All this is true, but it will be over before you know it and then you’ll have a toddler and eventually a teenager who still loves you but would prefer to hang out with their friends rather than you and you will mourn these years.
It is these days that we need to take it down a notch and try and smell the roses a little bit more. How? Don’t try and fit too many things into your day. Try one outing rather than being out all day at different classes and activities, and play dates. In your baby’s first year the most important people in their life are their parents so for them you are ENOUGH. Taking them for a walk in the park so that they can see the trees and the sky is all the stimulation they need.
Build yourself a good support network so that you can share motherhood with like- minded people. That phrase ‘it takes a village’ always resonates with me because I still fundamentally believe and also see in my work the difference it makes when a mother has a supportive network around her rather than going through the path of parenting alone. Whether your support network includes, friends, family or your local community center it really doesn’t matter. Parenting was never meant to be done alone.
Try and spend quality time with your baby really focusing on their needs. Don’t try and please everyone around you all the time. Too many conflicting responsibilities just leads to stress so try to focus on one task at a time. In the early days, your baby needs you the most and by giving them 1-1 attention you are building their self esteem and also ensuring that you are catering for their individual needs.

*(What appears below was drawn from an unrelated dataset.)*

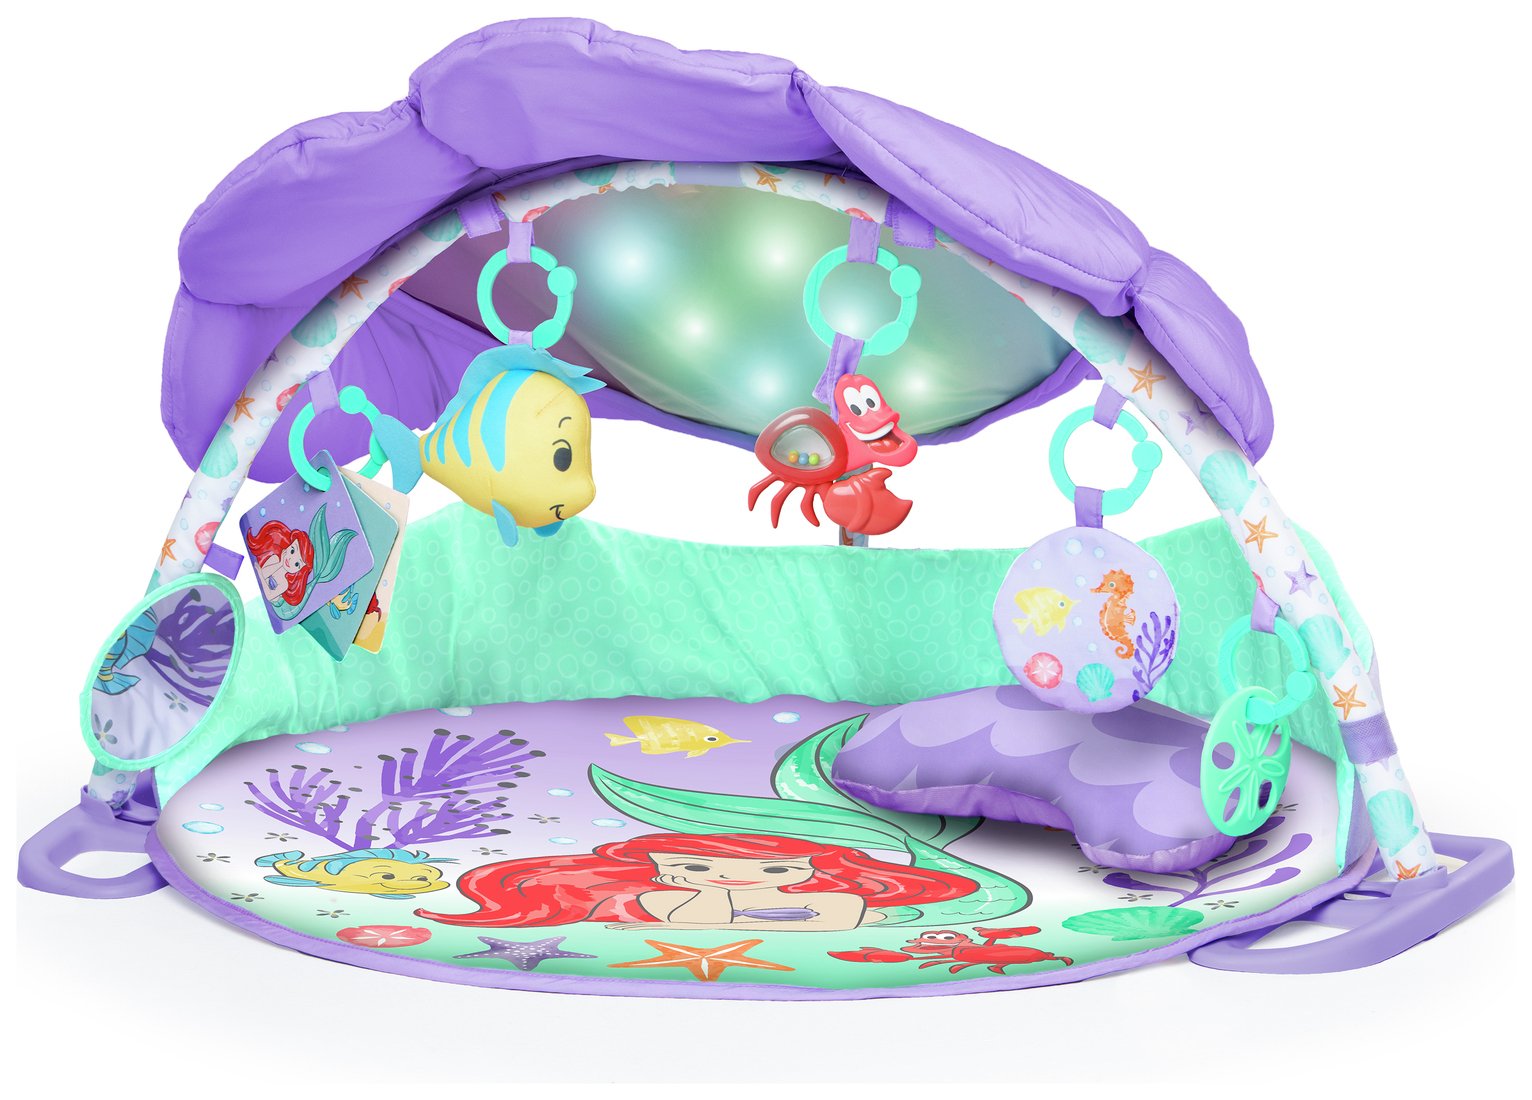 Bright Starts Little Mermaid Twinkle Trove Activity Gym

Understand the difference between quality vs. quantity. Not everyone has the opportunity to spend a significant amount of time alone with their baby due to work commitments or merely just not enjoying the stay at home mum experience. Both are normal and completely legitimate. We are all different and therefore need to harness our individual needs and personalities. This is why I always suggest to mothers that it’s not the amount of time you spend with your baby it’s what you are doing while you are with them. So put your phone and laptop in the other room, be offline for a few hours a day and spend time together. It will be less stressful if the office knows to expect that you are unreachable for a few hours a day. Knowing you have these precious moments together will make the time you do spend that more enriching and less monotonous.
Take a lot of photos and videos of each development stage. It will be over before you know it! No need to overkill on social media but make sure you keep a memory of these early years.
Even on the worst sleep deprived days, when you feel you are at your wits end, sit down, take a deep breath and say to yourself they will be over before you know it and recognize why these years are so precious.